** Working data follows **

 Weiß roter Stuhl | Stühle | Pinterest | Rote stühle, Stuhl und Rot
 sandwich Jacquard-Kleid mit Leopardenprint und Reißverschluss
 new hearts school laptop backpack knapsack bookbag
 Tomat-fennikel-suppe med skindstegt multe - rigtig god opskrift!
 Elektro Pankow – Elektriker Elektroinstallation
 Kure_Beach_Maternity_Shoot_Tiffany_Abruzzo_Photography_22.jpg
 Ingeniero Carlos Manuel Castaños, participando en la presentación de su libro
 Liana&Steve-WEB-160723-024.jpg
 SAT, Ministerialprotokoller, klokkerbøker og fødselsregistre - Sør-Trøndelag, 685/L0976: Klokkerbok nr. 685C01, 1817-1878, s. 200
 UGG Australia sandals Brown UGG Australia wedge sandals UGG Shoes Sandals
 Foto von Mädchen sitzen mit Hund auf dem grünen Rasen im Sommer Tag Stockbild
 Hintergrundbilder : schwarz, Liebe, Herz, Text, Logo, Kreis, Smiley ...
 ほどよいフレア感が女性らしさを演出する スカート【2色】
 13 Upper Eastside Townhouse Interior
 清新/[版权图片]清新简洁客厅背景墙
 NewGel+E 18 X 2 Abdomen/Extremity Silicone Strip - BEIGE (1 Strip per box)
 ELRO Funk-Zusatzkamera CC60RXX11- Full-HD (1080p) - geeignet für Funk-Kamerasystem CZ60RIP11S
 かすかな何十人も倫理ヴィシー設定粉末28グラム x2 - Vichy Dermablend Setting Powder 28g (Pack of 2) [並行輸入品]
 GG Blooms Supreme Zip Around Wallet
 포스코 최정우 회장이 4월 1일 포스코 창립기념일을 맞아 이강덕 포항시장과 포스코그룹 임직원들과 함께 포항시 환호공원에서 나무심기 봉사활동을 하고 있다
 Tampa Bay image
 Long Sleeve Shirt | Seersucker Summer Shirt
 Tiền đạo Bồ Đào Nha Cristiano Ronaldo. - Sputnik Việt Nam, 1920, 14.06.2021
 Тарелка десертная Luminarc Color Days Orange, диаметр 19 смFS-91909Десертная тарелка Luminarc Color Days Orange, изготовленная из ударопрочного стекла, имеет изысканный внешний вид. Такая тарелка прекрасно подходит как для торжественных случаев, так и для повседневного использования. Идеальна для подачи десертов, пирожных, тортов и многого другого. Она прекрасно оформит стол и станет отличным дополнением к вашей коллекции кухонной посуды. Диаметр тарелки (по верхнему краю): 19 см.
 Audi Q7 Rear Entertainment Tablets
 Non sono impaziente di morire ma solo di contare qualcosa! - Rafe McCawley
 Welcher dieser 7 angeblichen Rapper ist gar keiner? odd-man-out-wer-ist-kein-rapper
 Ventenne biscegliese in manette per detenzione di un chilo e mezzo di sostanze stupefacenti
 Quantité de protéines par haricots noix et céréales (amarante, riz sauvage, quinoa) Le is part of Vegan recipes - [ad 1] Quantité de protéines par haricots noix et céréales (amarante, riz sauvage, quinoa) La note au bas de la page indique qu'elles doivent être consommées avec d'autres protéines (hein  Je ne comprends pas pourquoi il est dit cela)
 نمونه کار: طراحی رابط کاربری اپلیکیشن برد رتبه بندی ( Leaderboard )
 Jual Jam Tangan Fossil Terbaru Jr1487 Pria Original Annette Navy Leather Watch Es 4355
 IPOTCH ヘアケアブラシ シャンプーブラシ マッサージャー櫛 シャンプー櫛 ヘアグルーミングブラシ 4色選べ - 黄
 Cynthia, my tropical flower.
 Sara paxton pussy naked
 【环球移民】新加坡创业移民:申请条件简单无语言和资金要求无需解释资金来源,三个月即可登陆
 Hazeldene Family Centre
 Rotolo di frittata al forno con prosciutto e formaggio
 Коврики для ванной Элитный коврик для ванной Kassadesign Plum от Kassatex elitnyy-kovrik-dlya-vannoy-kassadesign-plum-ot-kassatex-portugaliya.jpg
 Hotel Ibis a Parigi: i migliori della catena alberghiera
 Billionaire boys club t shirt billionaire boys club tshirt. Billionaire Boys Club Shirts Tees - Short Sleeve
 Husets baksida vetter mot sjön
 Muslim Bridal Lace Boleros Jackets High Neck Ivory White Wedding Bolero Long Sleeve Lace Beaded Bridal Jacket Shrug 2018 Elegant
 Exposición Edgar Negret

** End of Working data **

Task details - Your response should consist of the data above, duplicated exactly.

Answer space -
 Weiß roter Stuhl | Stühle | Pinterest | Rote stühle, Stuhl und Rot
 sandwich Jacquard-Kleid mit Leopardenprint und Reißverschluss
 new hearts school laptop backpack knapsack bookbag
 Tomat-fennikel-suppe med skindstegt multe - rigtig god opskrift!
 Elektro Pankow – Elektriker Elektroinstallation
 Kure_Beach_Maternity_Shoot_Tiffany_Abruzzo_Photography_22.jpg
 Ingeniero Carlos Manuel Castaños, participando en la presentación de su libro
 Liana&Steve-WEB-160723-024.jpg
 SAT, Ministerialprotokoller, klokkerbøker og fødselsregistre - Sør-Trøndelag, 685/L0976: Klokkerbok nr. 685C01, 1817-1878, s. 200
 UGG Australia sandals Brown UGG Australia wedge sandals UGG Shoes Sandals
 Foto von Mädchen sitzen mit Hund auf dem grünen Rasen im Sommer Tag Stockbild
 Hintergrundbilder : schwarz, Liebe, Herz, Text, Logo, Kreis, Smiley ...
 ほどよいフレア感が女性らしさを演出する スカート【2色】
 13 Upper Eastside Townhouse Interior
 清新/[版权图片]清新简洁客厅背景墙
 NewGel+E 18 X 2 Abdomen/Extremity Silicone Strip - BEIGE (1 Strip per box)
 ELRO Funk-Zusatzkamera CC60RXX11- Full-HD (1080p) - geeignet für Funk-Kamerasystem CZ60RIP11S
 かすかな何十人も倫理ヴィシー設定粉末28グラム x2 - Vichy Dermablend Setting Powder 28g (Pack of 2) [並行輸入品]
 GG Blooms Supreme Zip Around Wallet
 포스코 최정우 회장이 4월 1일 포스코 창립기념일을 맞아 이강덕 포항시장과 포스코그룹 임직원들과 함께 포항시 환호공원에서 나무심기 봉사활동을 하고 있다
 Tampa Bay image
 Long Sleeve Shirt | Seersucker Summer Shirt
 Tiền đạo Bồ Đào Nha Cristiano Ronaldo. - Sputnik Việt Nam, 1920, 14.06.2021
 Тарелка десертная Luminarc Color Days Orange, диаметр 19 смFS-91909Десертная тарелка Luminarc Color Days Orange, изготовленная из ударопрочного стекла, имеет изысканный внешний вид. Такая тарелка прекрасно подходит как для торжественных случаев, так и для повседневного использования. Идеальна для подачи десертов, пирожных, тортов и многого другого. Она прекрасно оформит стол и станет отличным дополнением к вашей коллекции кухонной посуды. Диаметр тарелки (по верхнему краю): 19 см.
 Audi Q7 Rear Entertainment Tablets
 Non sono impaziente di morire ma solo di contare qualcosa! - Rafe McCawley
 Welcher dieser 7 angeblichen Rapper ist gar keiner? odd-man-out-wer-ist-kein-rapper
 Ventenne biscegliese in manette per detenzione di un chilo e mezzo di sostanze stupefacenti
 Quantité de protéines par haricots noix et céréales (amarante, riz sauvage, quinoa) Le is part of Vegan recipes - [ad 1] Quantité de protéines par haricots noix et céréales (amarante, riz sauvage, quinoa) La note au bas de la page indique qu'elles doivent être consommées avec d'autres protéines (hein  Je ne comprends pas pourquoi il est dit cela)
 نمونه کار: طراحی رابط کاربری اپلیکیشن برد رتبه بندی ( Leaderboard )
 Jual Jam Tangan Fossil Terbaru Jr1487 Pria Original Annette Navy Leather Watch Es 4355
 IPOTCH ヘアケアブラシ シャンプーブラシ マッサージャー櫛 シャンプー櫛 ヘアグルーミングブラシ 4色選べ - 黄
 Cynthia, my tropical flower.
 Sara paxton pussy naked
 【环球移民】新加坡创业移民:申请条件简单无语言和资金要求无需解释资金来源,三个月即可登陆
 Hazeldene Family Centre
 Rotolo di frittata al forno con prosciutto e formaggio
 Коврики для ванной Элитный коврик для ванной Kassadesign Plum от Kassatex elitnyy-kovrik-dlya-vannoy-kassadesign-plum-ot-kassatex-portugaliya.jpg
 Hotel Ibis a Parigi: i migliori della catena alberghiera
 Billionaire boys club t shirt billionaire boys club tshirt. Billionaire Boys Club Shirts Tees - Short Sleeve
 Husets baksida vetter mot sjön
 Muslim Bridal Lace Boleros Jackets High Neck Ivory White Wedding Bolero Long Sleeve Lace Beaded Bridal Jacket Shrug 2018 Elegant
 Exposición Edgar Negret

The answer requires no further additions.